Theologically the church must reassert human dignity, the understanding of Imago Dei and the understanding of depravity. The Church must counter culture when culture strays from its God-given mandate of stewardship.

Apologetically the church must understand the times we live in, discerning the philosophies that are ruling our society, and countering them with a Christian worldview (Colossians 2:8). Engaging the culture without compromising is a difficult but necessary activity. One of the key ways to ensure

that we are being faithful to the Word of God is to be clear about the meaning of the words we use. Truth must be clearly communicated.

Ethically the church must not only be actively involved in shaping the debates as they occur, it must also be able to offer alternative social remedies. For example, speaking against legislation to legalize Euthanasia, but also developing hospice and palliative care. I believe there is also a fourth task, that of practical activity, as the Bible clearly teaches that God brings comfort through other people (2 Cor 1:3ff, 7:6; Mt 25:31-46). As the apostle Paul approached his own death, his words were very revealing. In 2 Tim: 1-14 and 4:6-13 he clearly believes that he is close to death. His requests centre his desire to be with others – Paul needs intimate friendship in his last days.

The Church should offer practical teaching about the process of death – for example, how to walk someone through their final stages of dying, how to comfort effectively, how to grieve well. Of all people, Christians should be leading the way in helping people to truly die with dignity. A leader in the former Soviet Union was once asked why active persecution was never able to repress Christianity. He responded ‘because Christians never let anyone die alone!’ (Rutecki, 1995:288) It is our duty as Christians to care for the dying with compassion, skill, empathy and faithfulness: to care but never to kill.

Conclusion

Mrs P’s request for me to ‘help’ her die is ostensibly reasonable. However, once we understand the personal and cultural drives towards making Euthanasia acceptable, we can see that it is incompatible with Christian teaching of God and humanity. Our response should be both individual and corporate. We must choose the more challenging, Biblical route, that of caring for a dying or demented person with Christ-like compassion, respect and dignity. It is ultimately God who comforts the suffering, sick and dying through the presence of His people, and decides the final hour of death.

Bibliography

Charles, D ‘The ‘Right to Die’ in the Light of Contemporary Rights-Rhetoric’ In Bioethics and the future of medicine: a Christian appraisal Ed: Kilner, J.F., Cameron, N.M., and Schiedermayer, D.L. (U.K., Paternoster Press:1995)263 – 278

Fergusson, A. ‘Going West?’ In Triple Helix (Christian Medical Fellowship, U.K. Summer 2005):6-7

Ganzini L. ‘Physicians experiences with the Oregon Death with Dignity Act’ New England Medical Journal (2000): 342

Gillett, G ‘How we should live as Christian Doctors’ in Lukes Journal (Christian Medical and Dental Fellowship Australia, Vic June 2004): 10 - 14

Horton, R “Euthanasia and assisted suicide: what does the Dutch vote mean?” Lancet (2001);357

Myers, K, Physician Assisted Suicide (U.K.: CMF file, 2000)
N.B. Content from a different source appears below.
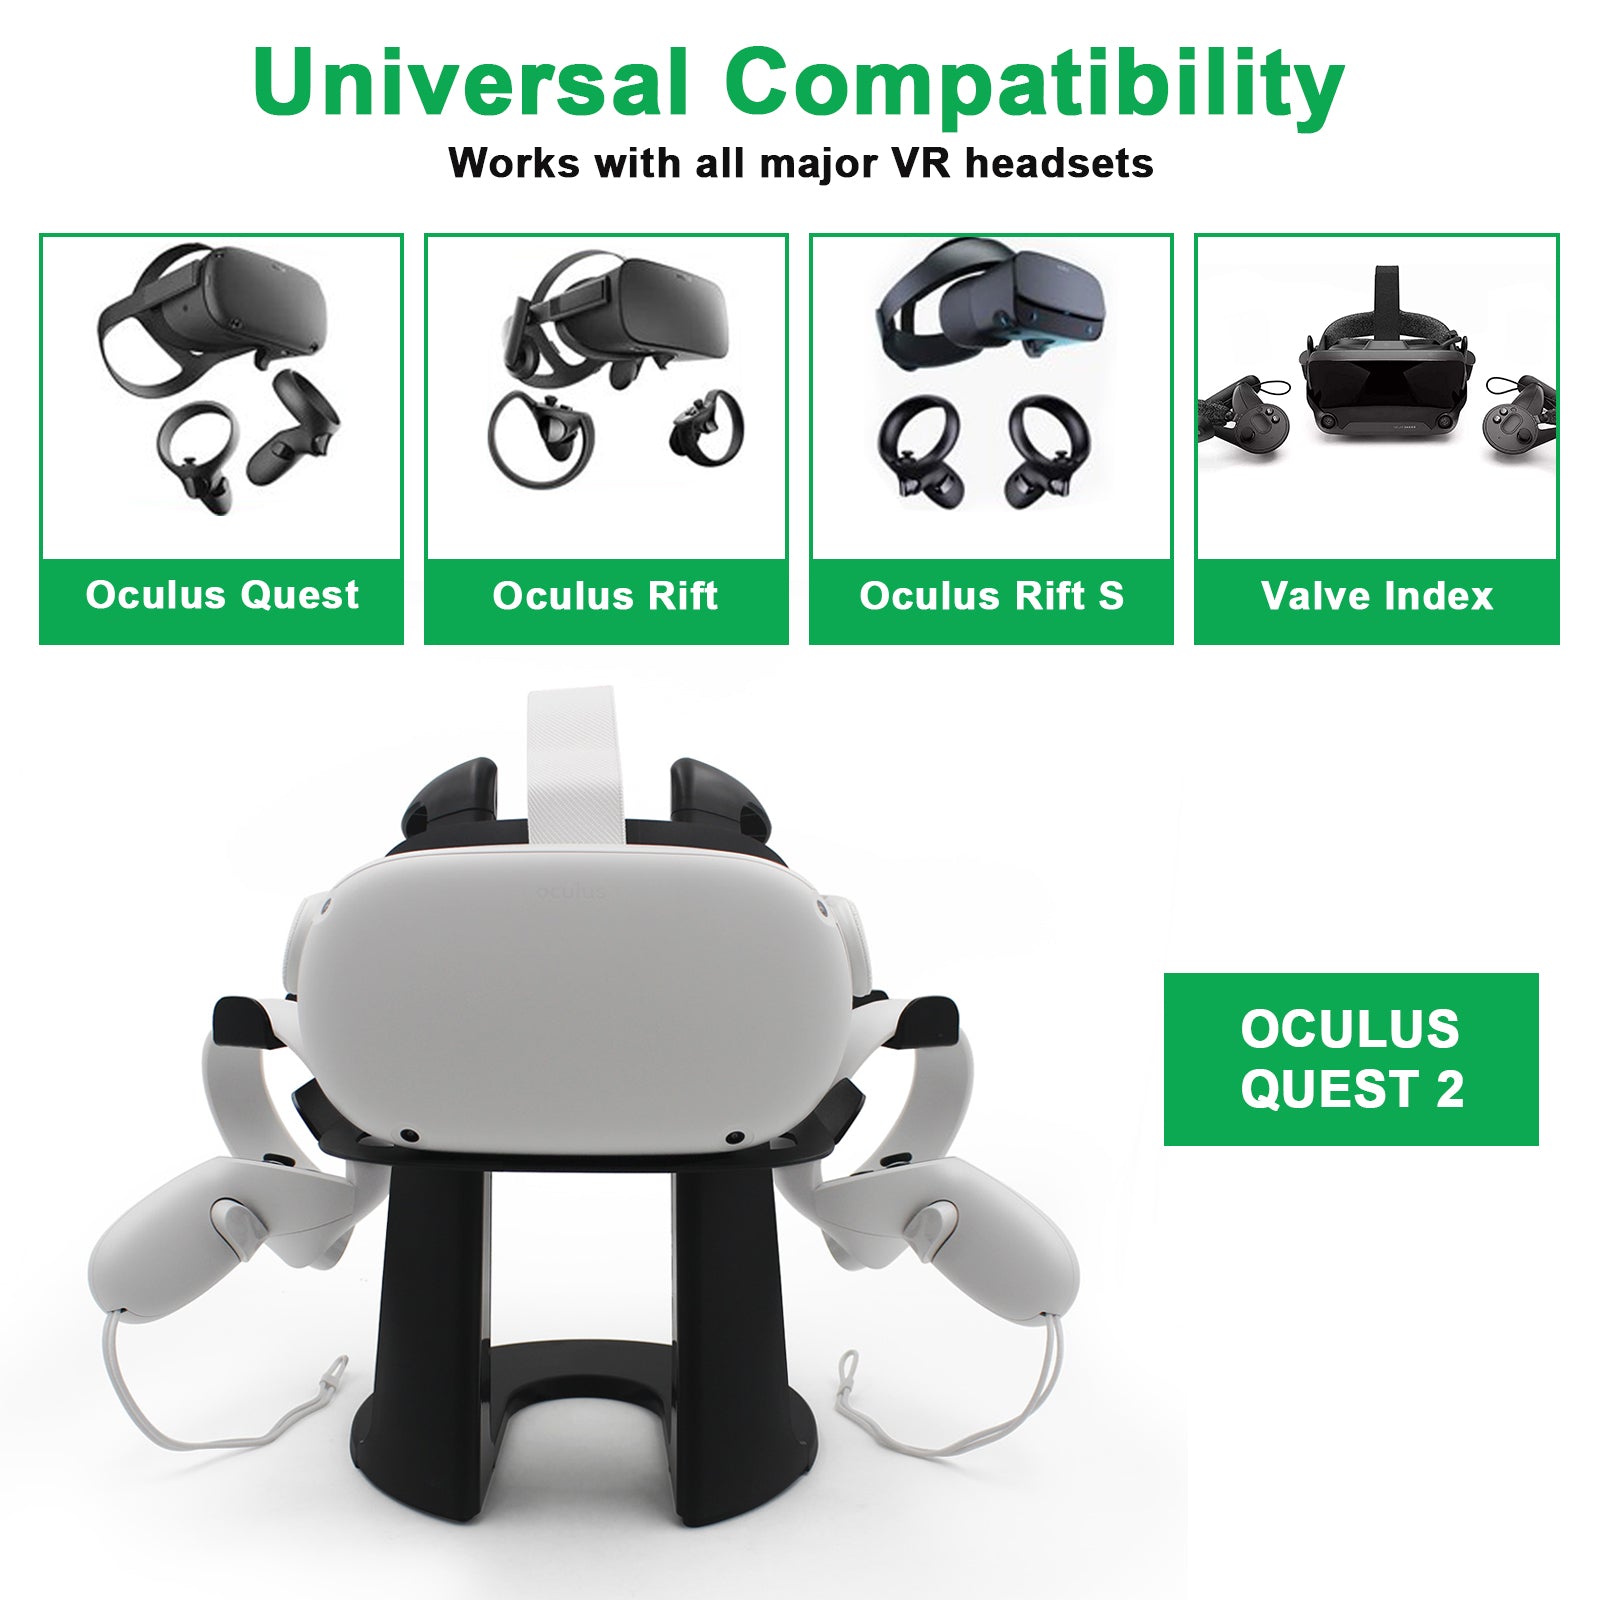 Stand is compatible with Oculus Quest, Oculus Rift, Oculus Rift S, and Valve Index.

Rutecki, G.W. ‘Until Death Shall Be No More: Christian Care for the Dying’ In Bioethics and the future of medicine: a Christian appraisal Ed: Kilner, J.F., Cameron, N.M., and Schiedermayer, D.L. (U.K., Paternoster Press:1995) 279 - 289

Saunders, P. ‘The Euthanasia Bandwagon’ in Triple Helix (Christian Medical Fellowship, U.K. Winter 2005):3

Wyatt, J. Matters of Life and Death: Today’s healthcare dilemmas in the light of Christian Faith (Leicester, U.K.: Intervarsity Press, 1998).